Poprzedniego dnia informowano o zatrzymaniach, ale nie było wiadomo, jak wiele osób znalazło się w samochodach funkcjonariuszy w cywilu, którzy przyjechali na demonstrację przeciwko karze śmierci.
Jak informuje portal Karta 97, zatrzymano m.in. niepełnoletnią dziewczynę, od której pobrano wbrew przepisom odciski palców, a także matkę małego dziecka, której nie pozwolono odebrać go ze żłobka.
16 marca przy stacji metra Kastrycznickaja (ros. Oktiabrskaja) ludzie składali kwiaty przy tablicy upamiętniającej wybuch w mińskim metrze 11 kwietnia 2011 roku. Żądali wprowadzenia moratorium na karę śmierci. Tego dnia nie było jeszcze wiadomo, że egzekucje wykonano.
W środę telewizja białoruska poinformowała, że Aleksander Łukaszenka nie zamierza ułaskawić skazanych na śmierć 25-latków. W sobotę okazało się, że wyrok na jednym z nich wykonano: matka Uładzisłaua Kawalioua otrzymała w sobotę ranp pismo powiadamiające ją o wykonaniu egzekucji.
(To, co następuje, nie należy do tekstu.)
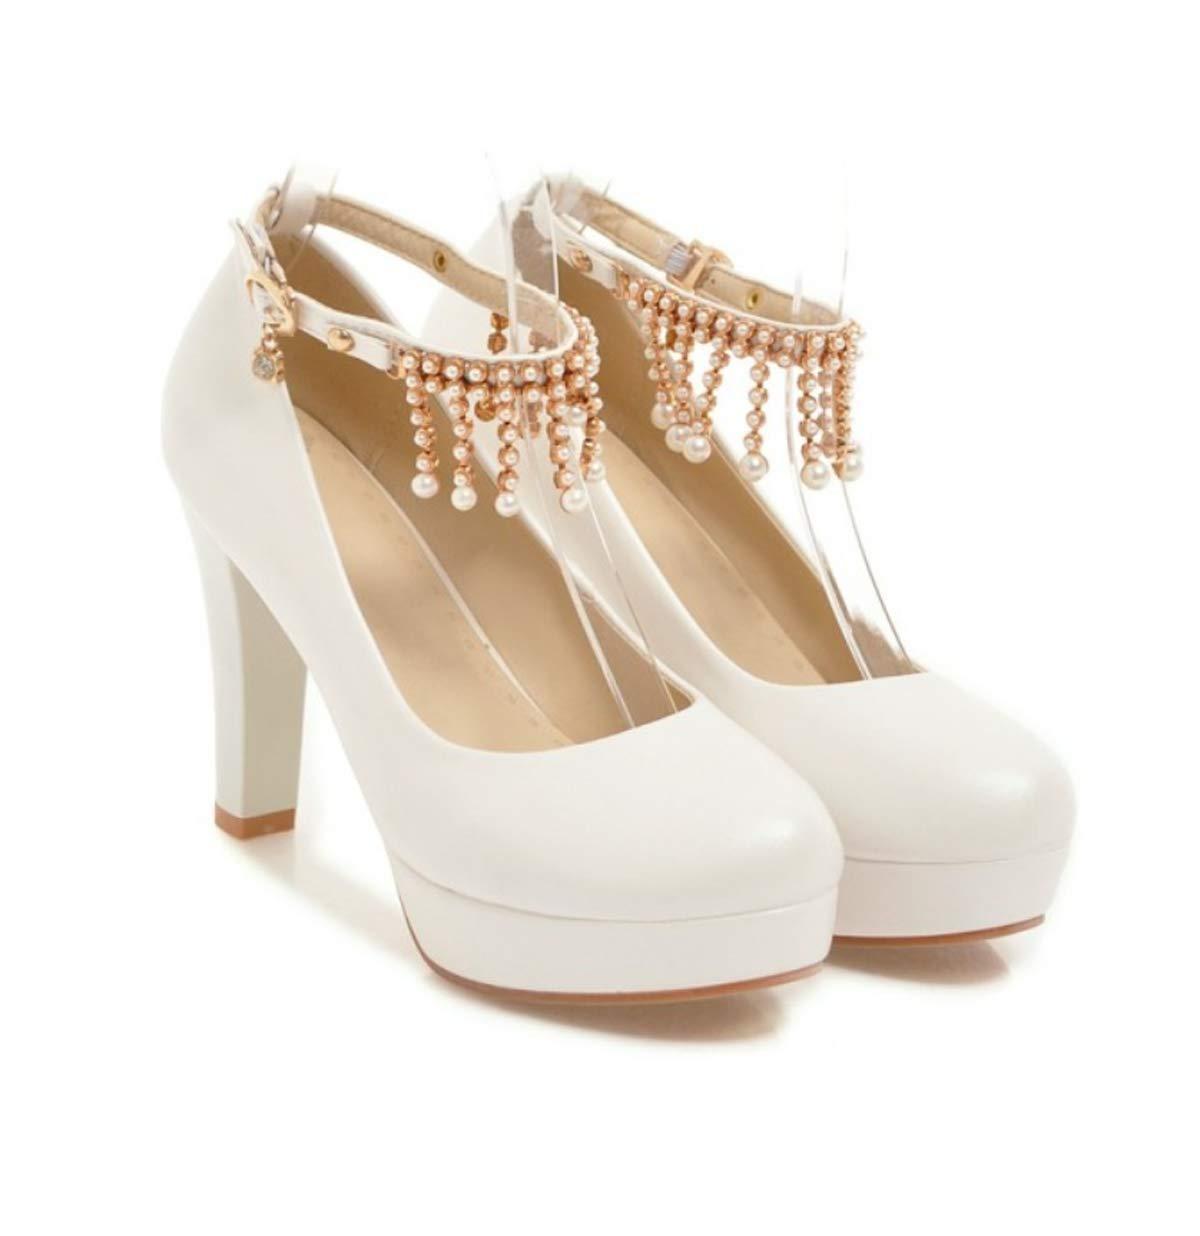 HBDLH Damenschuhe/Im Herbst 11Cm Hat Super-High-Heels Einzelne Schuhe Mode Schuhe Wasser Läuft Hasp Prinzessin Schuhe Wilde Frauen Schuhe.

Późnym wieczorem państwowa telewizja ONT potwierdziła, że skazano również drugiego skazanego, Dzmitryja Kanawałaua.
Zatrzymania za kwiaty
Młodą matkę Elenę Paszczenia zatrzymano w piątek po tym, gdy położyła kwiaty przed tablicą i udzieliła krótkiego wywiadu dziennikarzom. Podeszły do niej trzy osoby w cywilu i poprosiły o podanie danych. – Na torebce miałam biało-czerwono-białe wstążki, i to przyciągnęło ich uwagę. Zabrali nam dokumenty – opowiada. Potem zatrzymanych wsadzono do busa i zawieziono na posterunek Centralnego rejonu. Kobiecie nie pozwolono zadzwonić do nikogo, żeby mógł odebrać jej dziecko ze żłobka. Powiedziała, że wszyscy zatrzymani stali na korytarzu, z rękami na ścianie, zabrano im wszystkie rzeczy. Ją samą wyśmiewano, powiedziano jej, że jeszcze jeden taki przypadek, a straci pracę i nigdzie jej nie znajdzie. Wrzeszczano: „Głupia, siedź w domu z dzieckiem, a nie leź, gdzie nie trzeba” – opowiada kobieta.
Inna kobieta opowiadała Karcie 97, że po prostu szła z przyjacielem do znajomej z kwiatami. Trzech milicjantów zaczęło dopytywać, po co te kwiaty. – Znajomy mówi zawsze po białorusku, więc powiedzieli mu „mów w normalnym języku” – wspomina. Dodaje, że róże wyrzucili do śmietnika, a ich dopytywali, czy nie mają przyjaciół wśród opozycji i czy przypadkiem sami nie są opozycjonistami.
Zatrzymanych zwolniono z aresztu w piątek wieczorem.